The energetic cost of allostasis and allostatic load.

Chronic psychosocial stress increases disease risk and mortality, but the underlying mechanisms remain largely unclear. Here we outline an energy-based model for the transduction of chronic stress into disease over time. The energetic model of allostatic load (EMAL) emphasizes the energetic cost of allostasis and allostatic load, where the “load” is the additional energetic burden required to support allostasis and stress-induced energy needs. Living organisms have a limited capacity to consume energy. Overconsumption of energy by allostatic brain-body processes leads to hypermetabolism, defined as excess energy expenditure above the organism’s optimum. In turn, hypermetabolism accelerates physiological decline in cells, laboratory animals, and humans, and may drive biological aging. Therefore, we propose that the transition from adaptive allostasis to maladaptive allostatic states, allostatic load, and allostatic overload arises when the added energetic cost of stress competes with longevity-promoting growth, maintenance, and repair. Mechanistically, the energetic restriction of growth, maintenance and repair processes leads to the progressive wear-and-tear of molecular and organ systems. The proposed model makes testable predictions around the physiological, cellular, and sub-cellular energetic mechanisms that transduce chronic stress into disease risk and mortality. We also highlight new avenues to quantify allostatic load and its link to health across the lifespan, via the integration of systemic and cellular energy expenditure measurements together with classic allostatic load biomarkers.

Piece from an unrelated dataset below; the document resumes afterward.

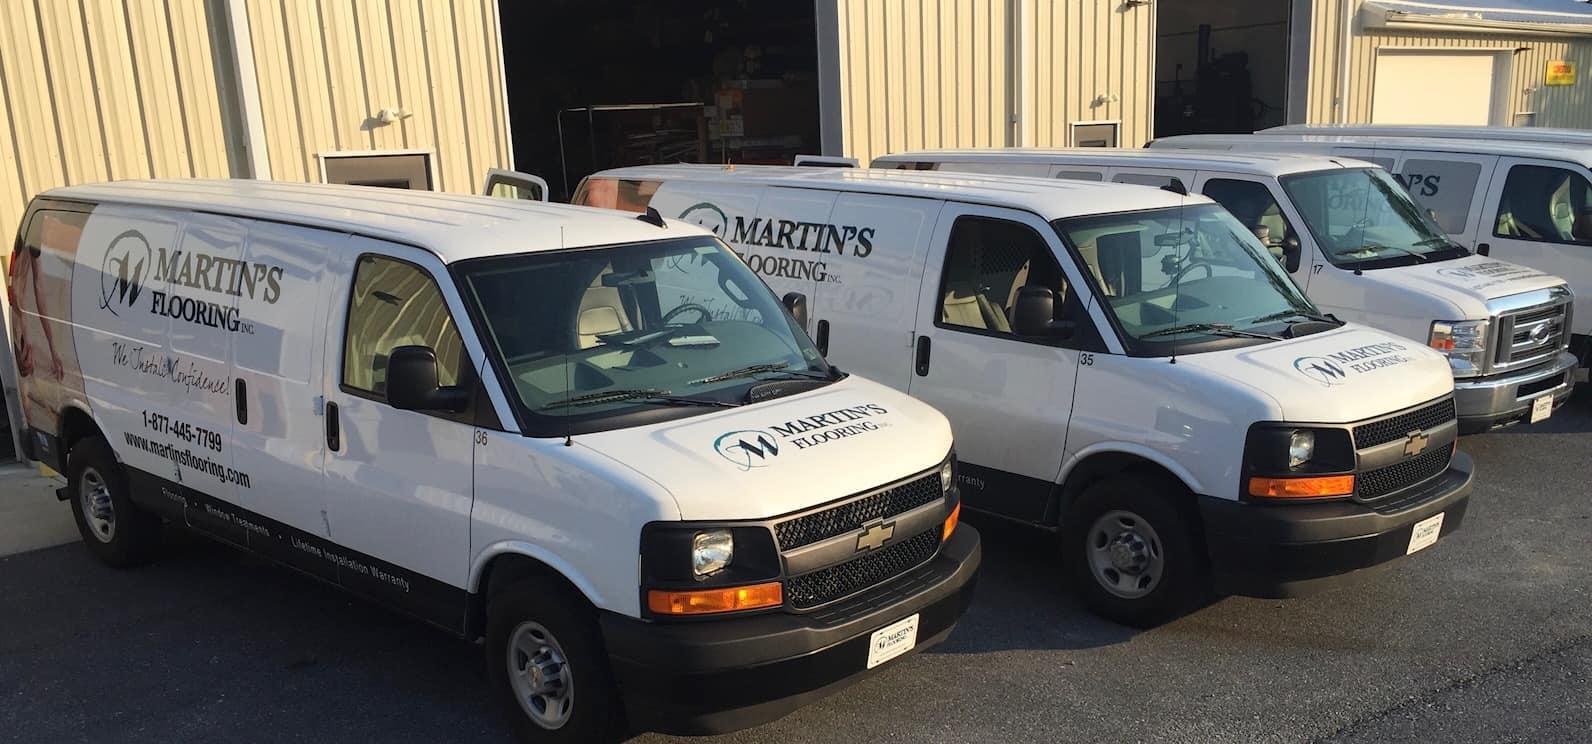 Martin's Flooring fleet of flooring installation trucks

慢性心理社会应激会增加疾病风险和死亡率，但其潜在机制在很大程度上仍不明确。在此，我们概述了一个基于能量的模型，用于解释慢性应激如何随时间推移转化为疾病。稳态负荷的能量模型（EMAL）强调了稳态和稳态负荷的能量成本，其中“负荷”是支持稳态和应激诱导的能量需求所需的额外能量负担。生物体消耗能量的能力是有限的。稳态的脑 - 体过程过度消耗能量会导致代谢亢进，即超出生物体最佳状态的能量消耗过剩。反过来，代谢亢进会加速细胞、实验动物和人类的生理衰退，并可能推动生物衰老。因此，我们提出，当应激的额外能量成本与促进长寿的生长、维持和修复过程相互竞争时，就会出现从适应性稳态到适应不良的稳态、稳态负荷以及稳态超负荷的转变。从机制上讲，生长、维持和修复过程的能量受限会导致分子和器官系统的渐进性损耗。所提出的模型围绕将慢性应激转化为疾病风险和死亡率的生理、细胞和亚细胞能量机制做出了可检验的预测。我们还强调了通过整合全身和细胞能量消耗测量以及经典的稳态负荷生物标志物，在整个生命周期中量化稳态负荷及其与健康的联系的新途径。